A total of 268 participants were included ( [89.9%] women; mean age, 36.8 years).  79.1% in the habit replacement group completed the final assessment and 76.1% in the control wait list completed the final assessment.

All in all habit replacement training seemed helpful. There was some improvement in quality of life and depressive scales in the HRT group. There was a greater proportion of individuals in the habit replacement group who reported “slight improvement” or “much improvement” (52.8% vs 19.6%). There was quite high satisfaction in the HRT group.

Overall, nail biting seemed to be the group that improved the most of all the BFRBs

 

CONCLUSION

All in all, this preliminary study showed that habit replacement is fairly easy to do and has some modest benefit. It can act as a self help strategy which the authors point out can be used while waiting for referral or for more definitive therapy. The authors point out that for some patients something like HRT coupled with other treatments that address some of the root causes that trigger the behaviour could lead to better and longer lasting results. Four out of 5 individuals would use the technique again, and even more would recommend it to a friend with similar problems.  

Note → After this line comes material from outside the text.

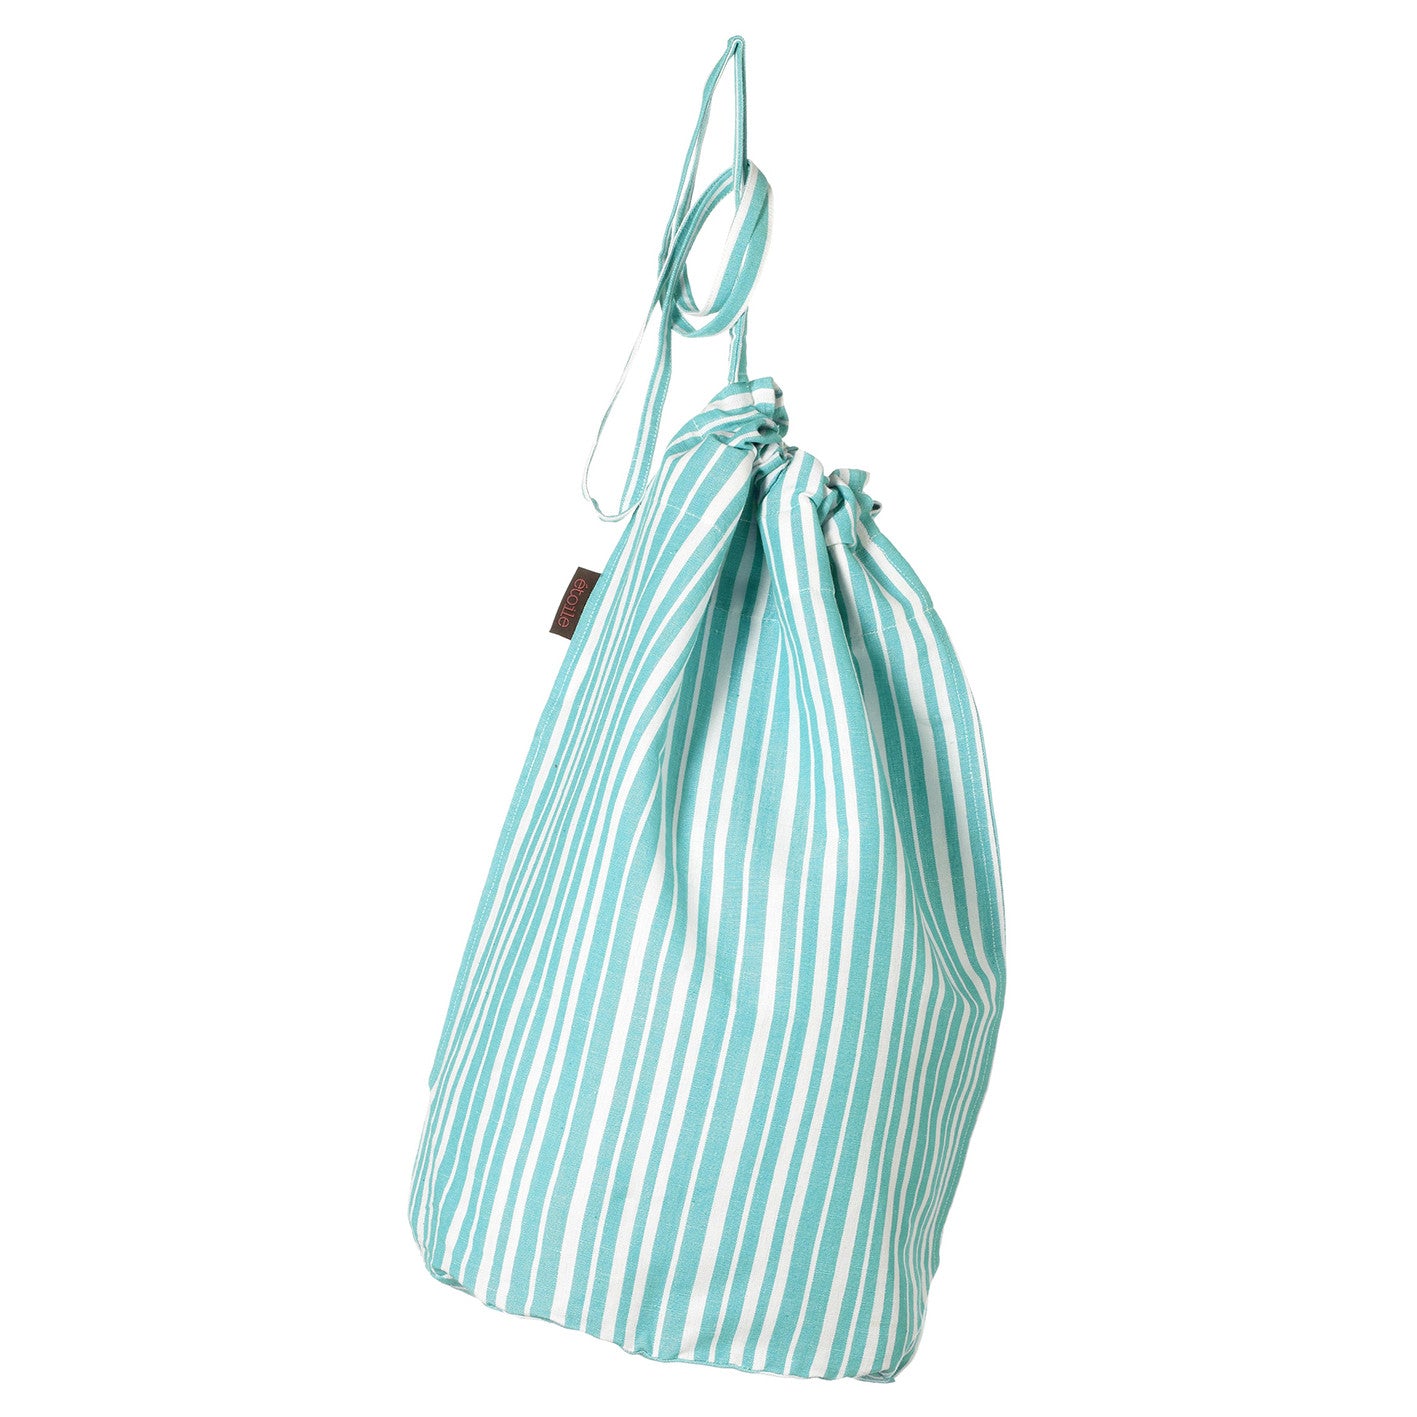 Palermo Ticking Stripe Cotton Linen Drawstring Laundry & Storage Bag in Pacific Turquoise Blue Ships from Canada (USA)

There are some limitations of the study that the authors point out. This was largely a study of white women recruited through social media so the authors point out it’s not clear if this would or would not affect the generalizability of the findings.

 



REFERENCE

Steffen Moritz  et al. Self-Help Habit Replacement in Individuals With Body-Focused Repetitive Behaviors: A Proof-of-Concept Randomized Clinical Trial.  JAMA Dermatol. 2023 Jul 19;e232167.